14. Об искренности и откровениях

— Я — Феникс.

Из-под пепельно-серой, пропахшей гарью чёлки на Люси глянула пара пристальных глаз. Эдвил, шатаясь, поднялся и двинул ноги к ней, но Люси вскочила и отошла на то же расстояние. Эд замер с протянутой рукой.

— Ты поранилась. — Он указал на её ссадины. — В тебе пока слишком много человеческого.

— Я — человек! — огрызнулась Люси. — И я ухожу!

— Постой! — Резвые искры сорвались с его протянутых пальцев, ясно давая понять, что ему ничего не стоит и Люси обратить в прах. — Не покидай меня. Выслушай, прошу.

— Мне не о чем болтать с убийцей! — голос Люси дрогнул от горечи.

— Ты всё не так видишь. Это человеческое говорит в тебе, но дай мне час, и я поведаю тебе о том, как видят мир Фениксы.
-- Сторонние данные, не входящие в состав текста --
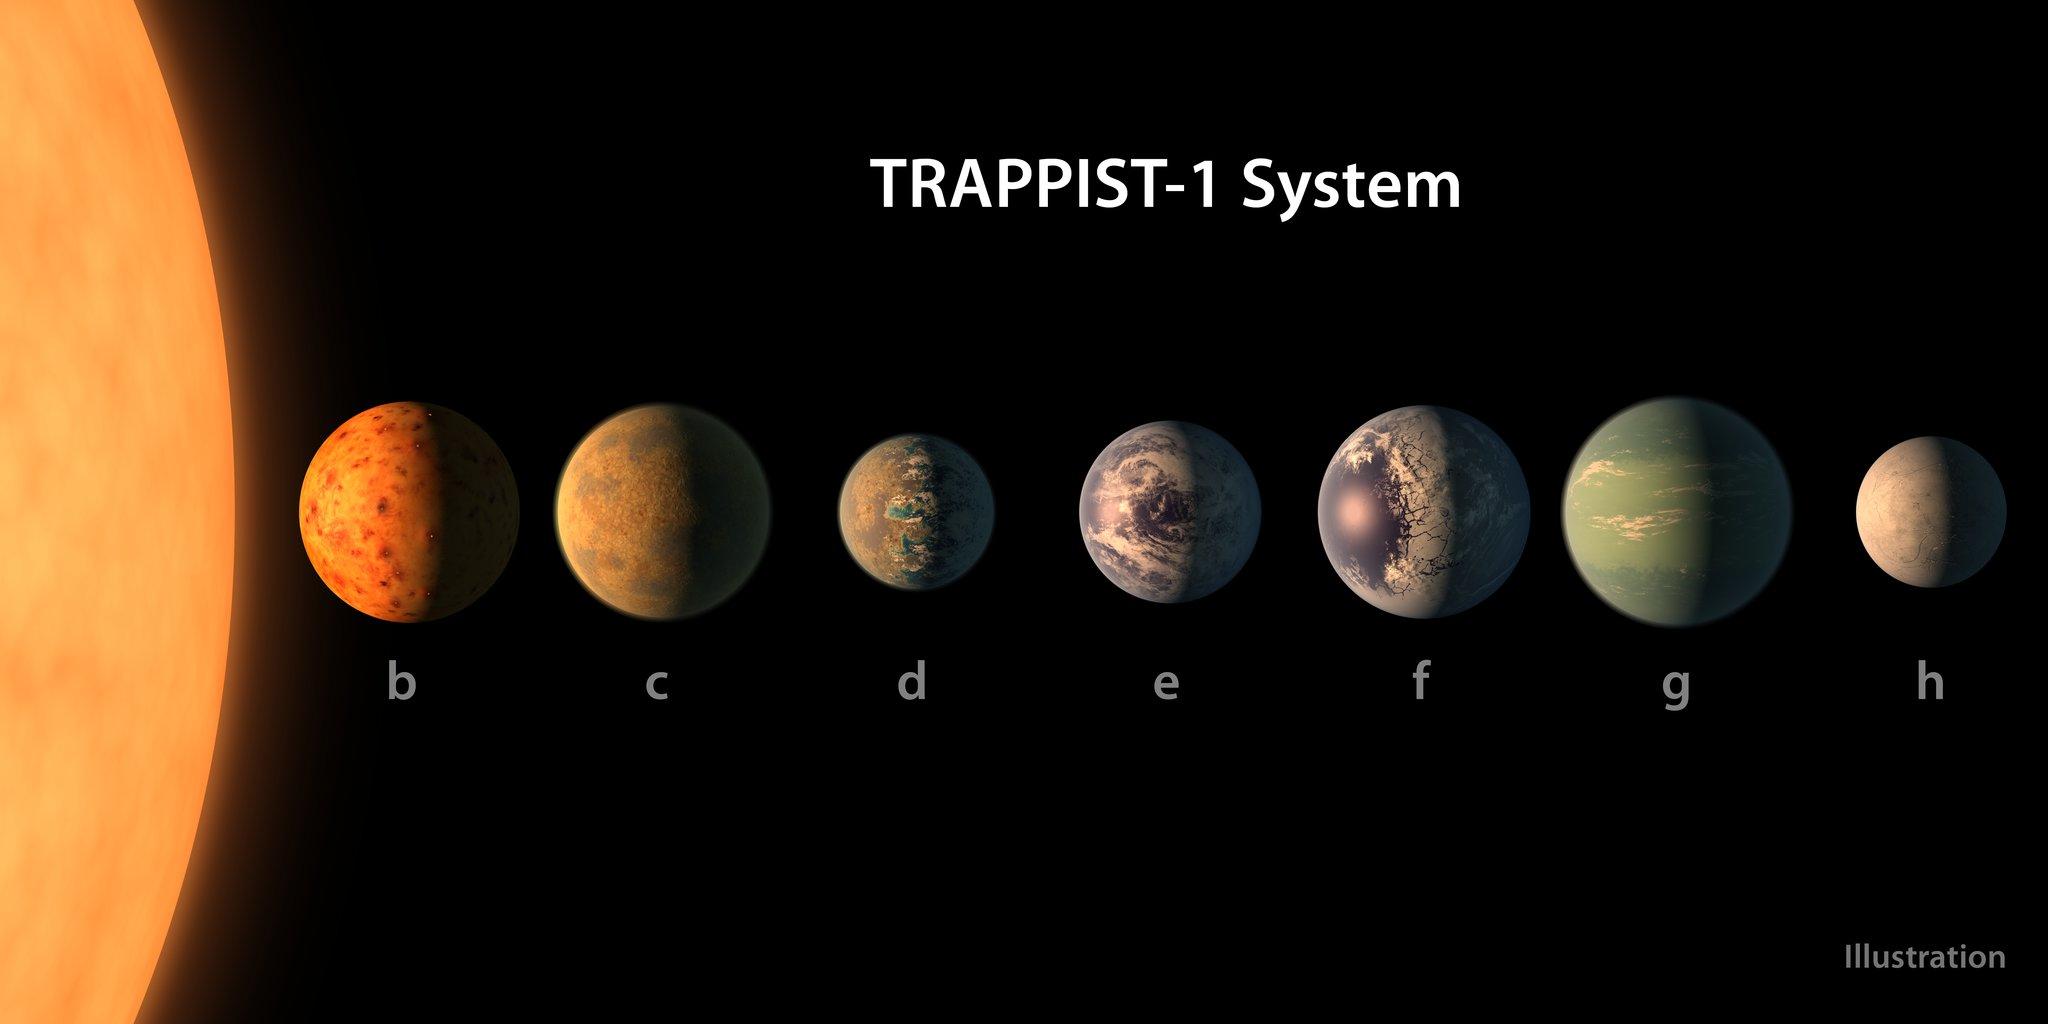 นาซ่าประกาศการค้นพบดาวเคราะห์นอกระบบสุริยะ
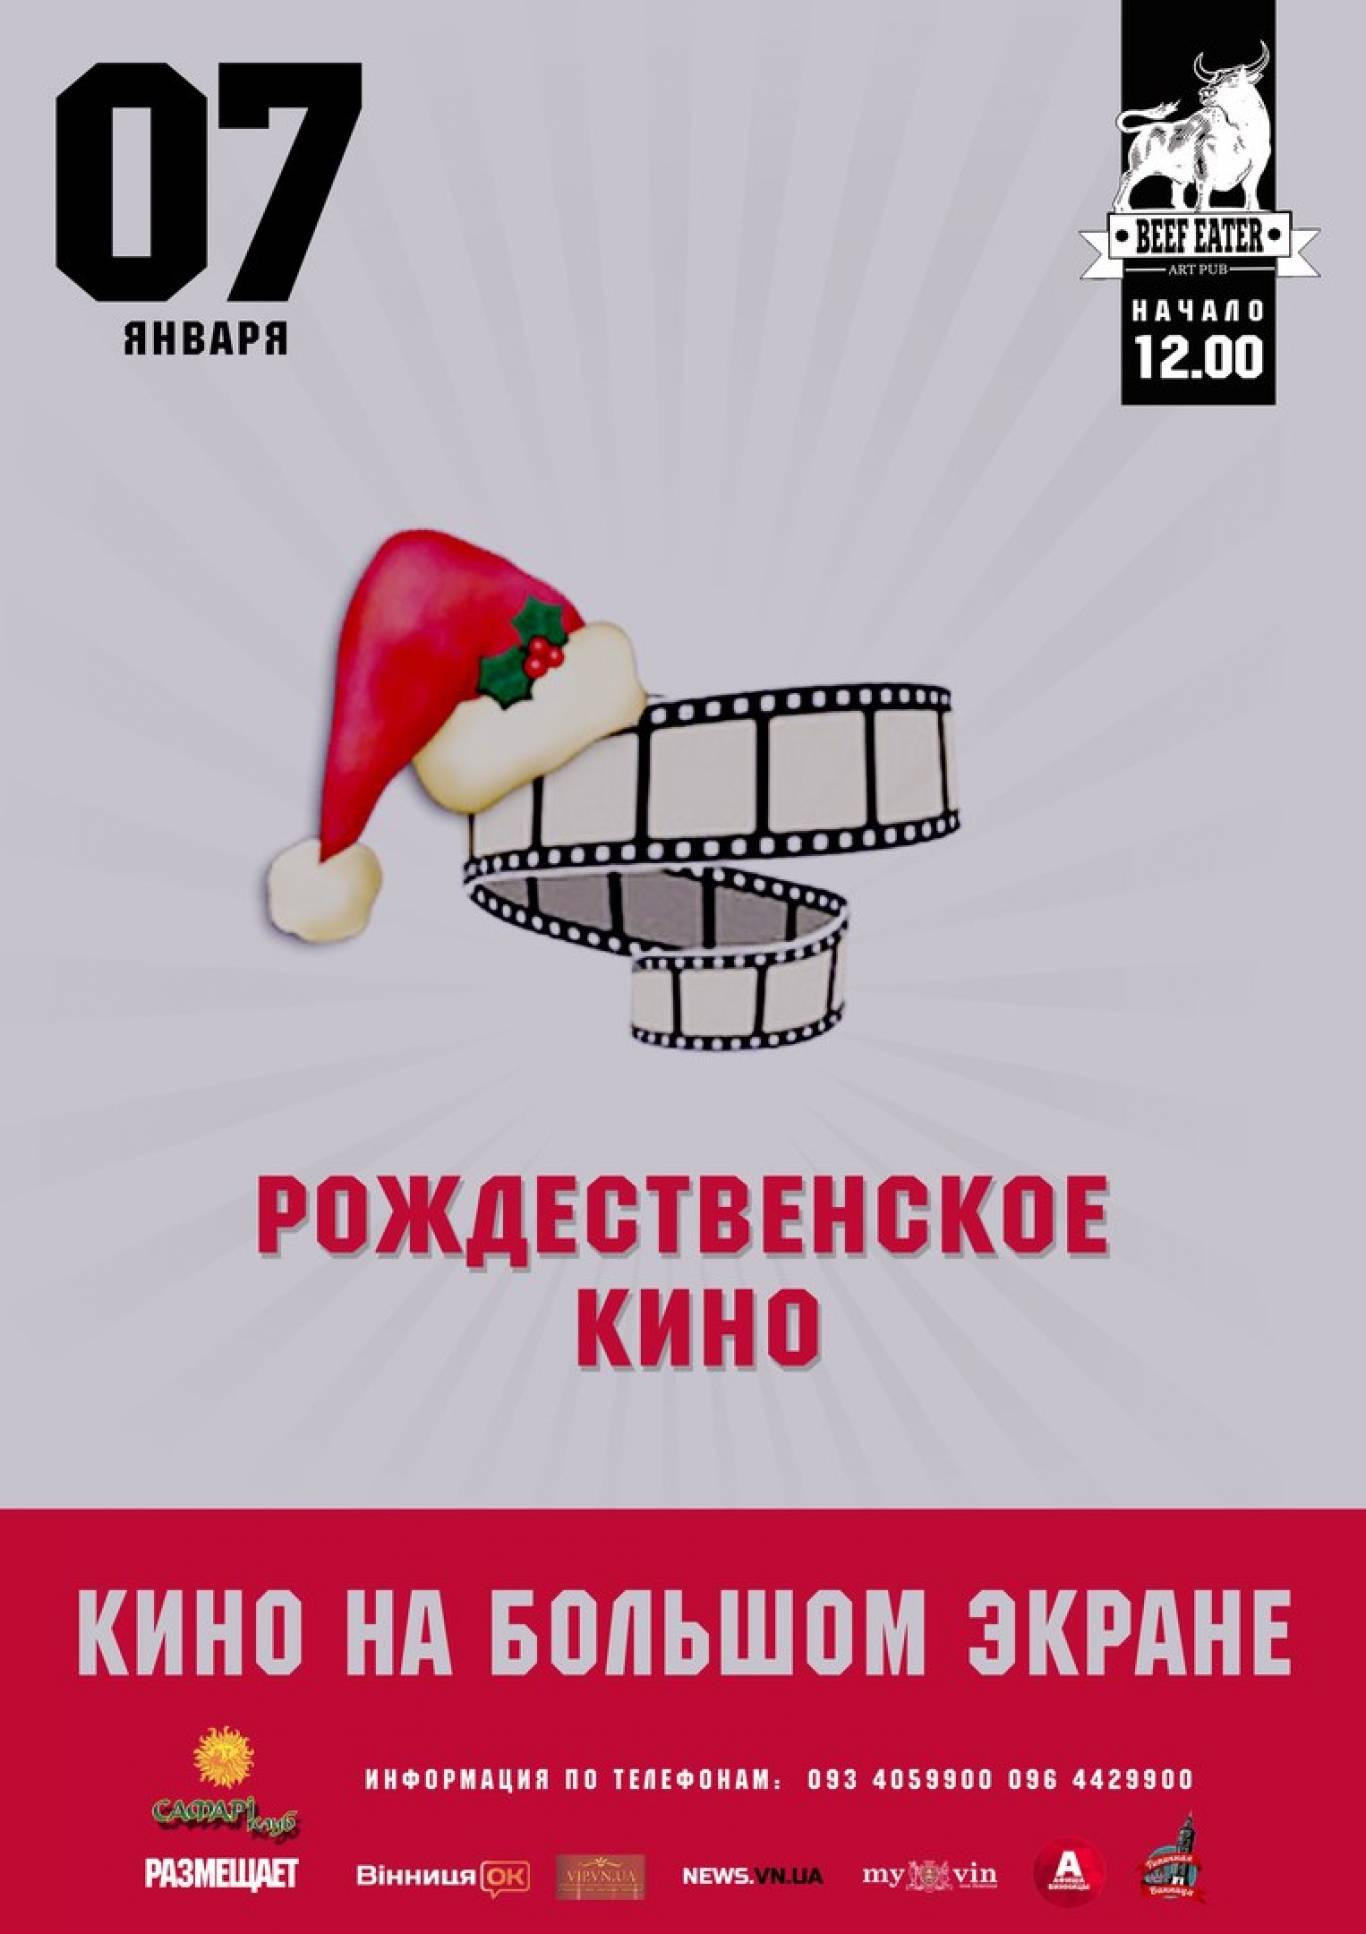 Різдвяне кіно на великому екрані у арт-пабі

Люси претило оставаться с ним рядом, но не дать ему высказаться она не могла. Села обратно на камни. Эдвил опустился напротив.

— Спасибо тебе.

— Не медли.

Он вздохнул и щёлкнул пальцами — от этого простого жеста между ним и Люси вспыхнул костёр. Сложив костлявые руки, а на них острый подбородок, Эд какое-то время глядел на пламя и точно бы набирался сил. Люси уже было хотела встать, чтобы покинуть его, но тут Эдвил, повинуясь её нетерпению, начал:

— Тебе же знакомо это чувство, Элли, что ты себе не принадлежишь? Я знаю, где и как ты родилась, и что прочили тебе в зрелости. Они всё за тебя решили. Так было и с нами при той жизни. Ты не помнишь, но… Мы родились в очень непростых семьях. И если тебе кажется, что жить простолюдином — значит, не принадлежать себе, то ты забыла, каково быть аристократом. Но я тебе напомню, Элли. — Люси слушала и половина сказанного им казалась ей бредом сумасшедшего. Хотя Эдвил говорил искренне, это было видно по его открытому лицу. — Мы родились в душевном холоде, дорогими игрушками высшего общества и пленниками общепринятых правил. Свободой там не пахло. Тебя это устраивало. Меня — нет. Но и я бы смирился с предопределённой окружением участью властоимца, если бы не мой друг огонь. Он говорил со мной с младенчества, и даже питаясь молоком матери у камина, я слышал в треске пламени одно: «будь моим, и я стану твоим». Из плена очага огонь просил меня о вызволении, о свободе, которой я был лишен, и с каждым прожитым днём настойчивее и настойчивее. Его голос проникал в мою душу, возжигая, и день ото дня пожар силился. Я не мог противостоять, потому что я верил в его безвозразительную правду. Огонь шептал: «вверься мне, и я открою тебе чудеса мироздания, я покажу, на чём зиждется бытие». Что и сказать, — Эдвил замялся, так как слова давались ему тяжело, — я принёс огню в жертву дом. И семью. — Люси ахнула. — Это было больно и трудно. Но необходимо. Потом он попросил тебя и пообещал, что с тобой ничего страшного не случится. Что тебя вернут другой. Я поверил ему, как мне потом думалось, зря. Ведь он забрал твою жизнь. Элли, я желал нам свободы. — Эдвил сглотнул переживания. — Я знал, что слишком слаб и не смогу вызволить тебя как-то иначе. Ты и ныне полна сомнений. Но теперь ты на новом этапе преображения. И я проходил через это.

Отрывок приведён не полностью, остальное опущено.